Question

A face wash advertises that 85% of users will have clearer skin after using the wash for two weeks.

(a) Suppose 10 people use the wash according to the instructions. What is the probability that exactly 8 of them have clearer skin after two weeks?

b) Suppose 10 people use the wash according to the instructions. What is the probability that at least 8 of them have clearer skin after two weeks?

Answer 1

Answer 2

To solve both parts of the question, we will use the binomial probability formula:

P(X = k) = C(n, k) * p^k * (1 - p)^(n - k)

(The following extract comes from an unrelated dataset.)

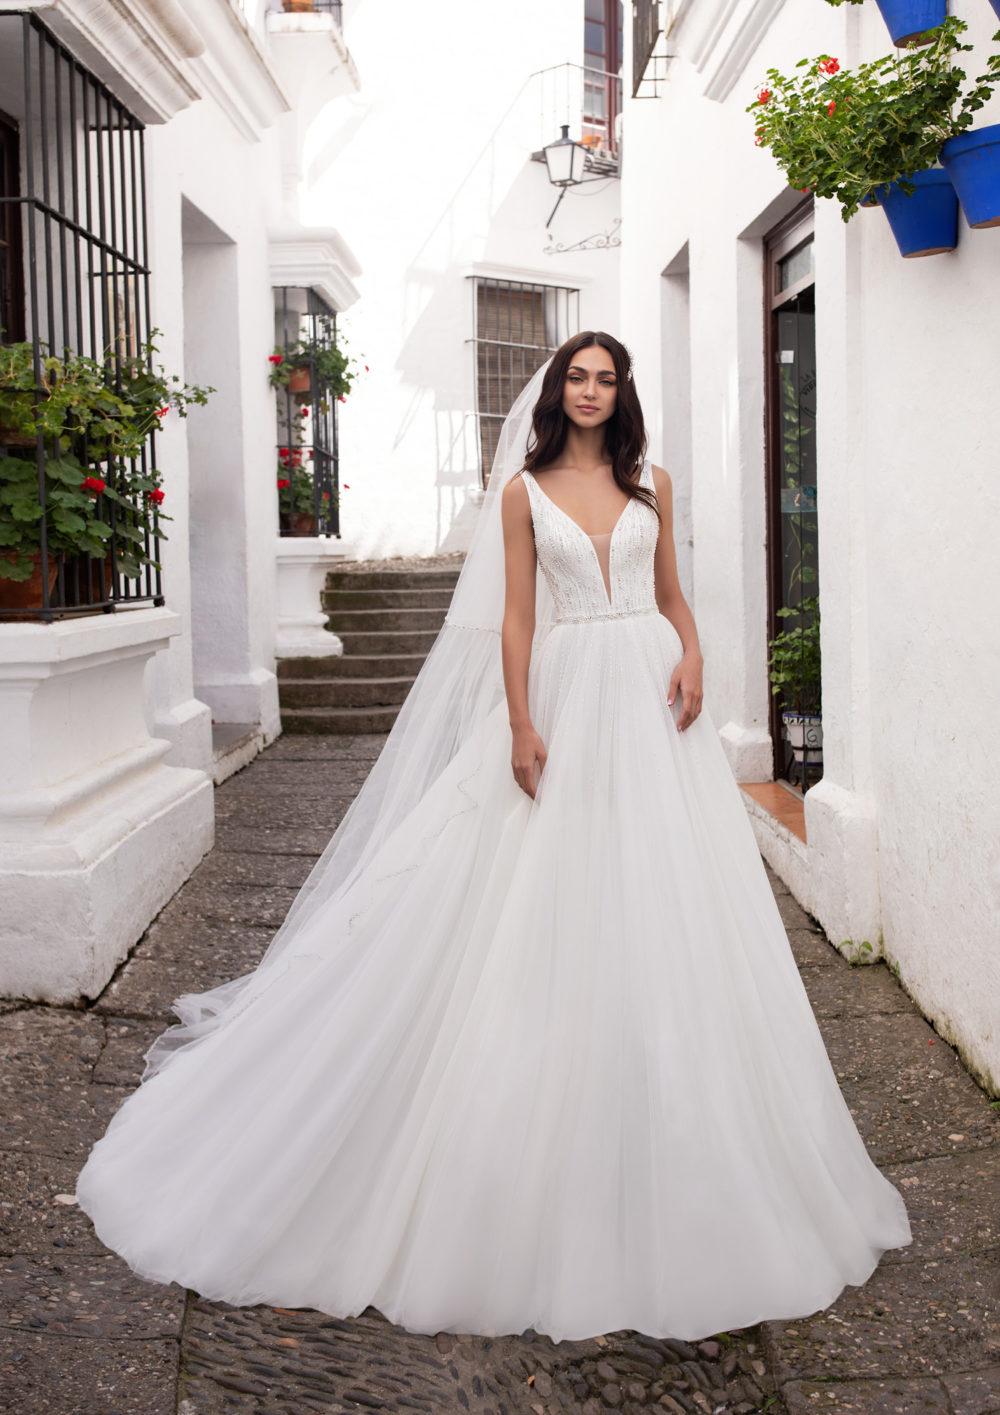 Mariages: abito da sposa Pronovias 2020 a Vicenza, Verona, Padova, Veneto ADRASTEA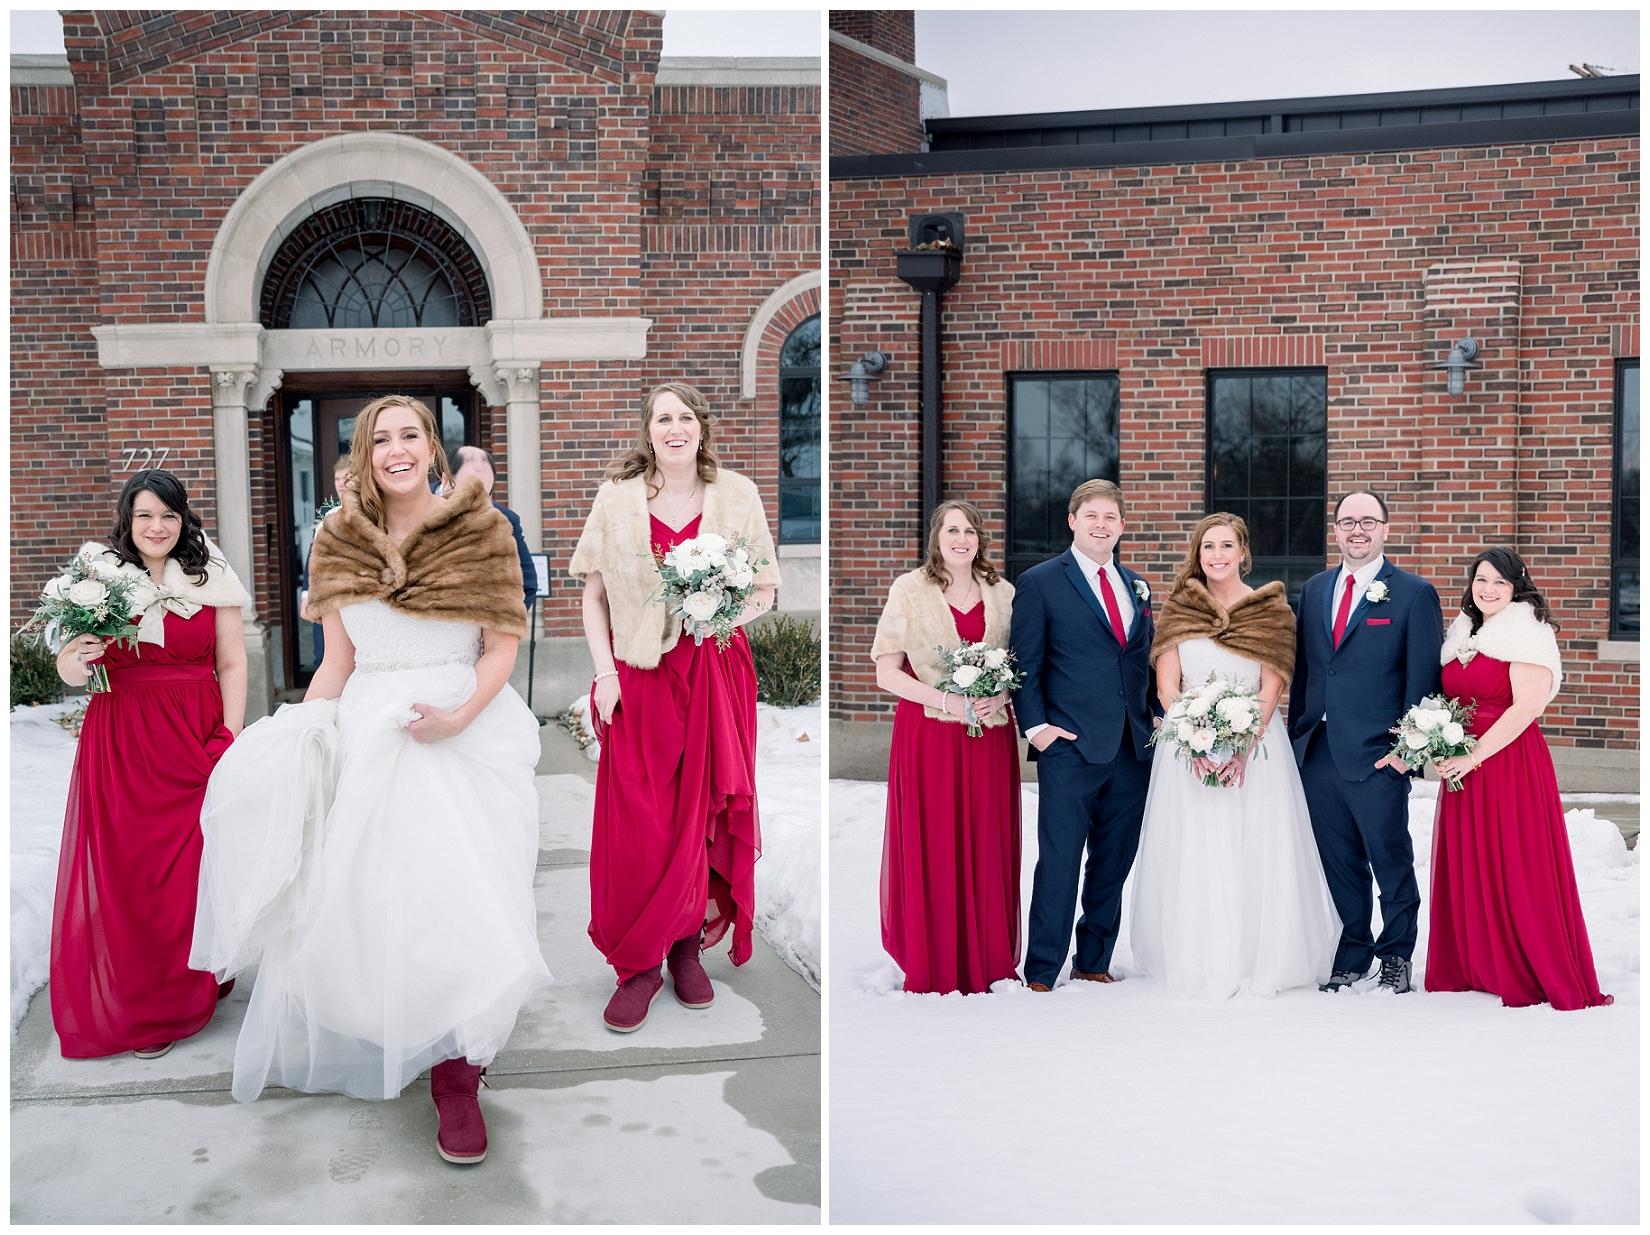 cat-alkire-wedding-photographer-indiana-chicago-indianapolis-fort-wayne_0953.jpg

where: P(X = k) is the probability of getting exactly k successes, n is the number of trials (in this case, the number of people using the wash), k is the number of successes we want (clearer skin), p is the probability of success on a single trial (probability of having clearer skin), and C(n, k) is the number of combinations of n things taken k at a time.

(a) Probability of exactly 8 people having clearer skin after two weeks:

n = 10 (number of people using the wash) k = 8 (number of people having clearer skin) p = 0.85 (probability of having clearer skin according to the advertisement)

P(X = 8) = C(10, 8) * 0.85^8 * (1 - 0.85)^(10 - 8)

C(10, 8) = 10! / (8! * (10-8)!) = 45

P(X = 8) = 45 * 0.85^8 * 0.15^2 P(X = 8) ≈ 0.3118 (rounded to four decimal places)

So, the probability that exactly 8 out of 10 people will have clearer skin after two weeks is approximately 0.3118.

(b) Probability of at least 8 people having clearer skin after two weeks:

To find this probability, we need to sum up the probabilities of getting 8, 9, or 10 successes:

P(X ≥ 8) = P(X = 8) + P(X = 9) + P(X = 10)

We have already calculated P(X = 8) in part (a).

P(X = 9) = C(10, 9) * 0.85^9 * 0.15^1 C(10, 9) = 10! / (9! * (10-9)!) = 10 P(X = 9) = 10 * 0.85^9 * 0.15^1 ≈ 0.3677

P(X = 10) = C(10, 10) * 0.85^10 * 0.15^0 C(10, 10) = 1 P(X = 10) = 1 * 0.85^10 * 0.15^0 ≈ 0.3277

P(X ≥ 8) ≈ 0.3118 + 0.3677 + 0.3277 ≈ 1.0072

Since probabilities cannot exceed 1, the final answer is 1 (100%).

So, the probability that at least 8 out of 10 people will have clearer skin after two weeks is 100%.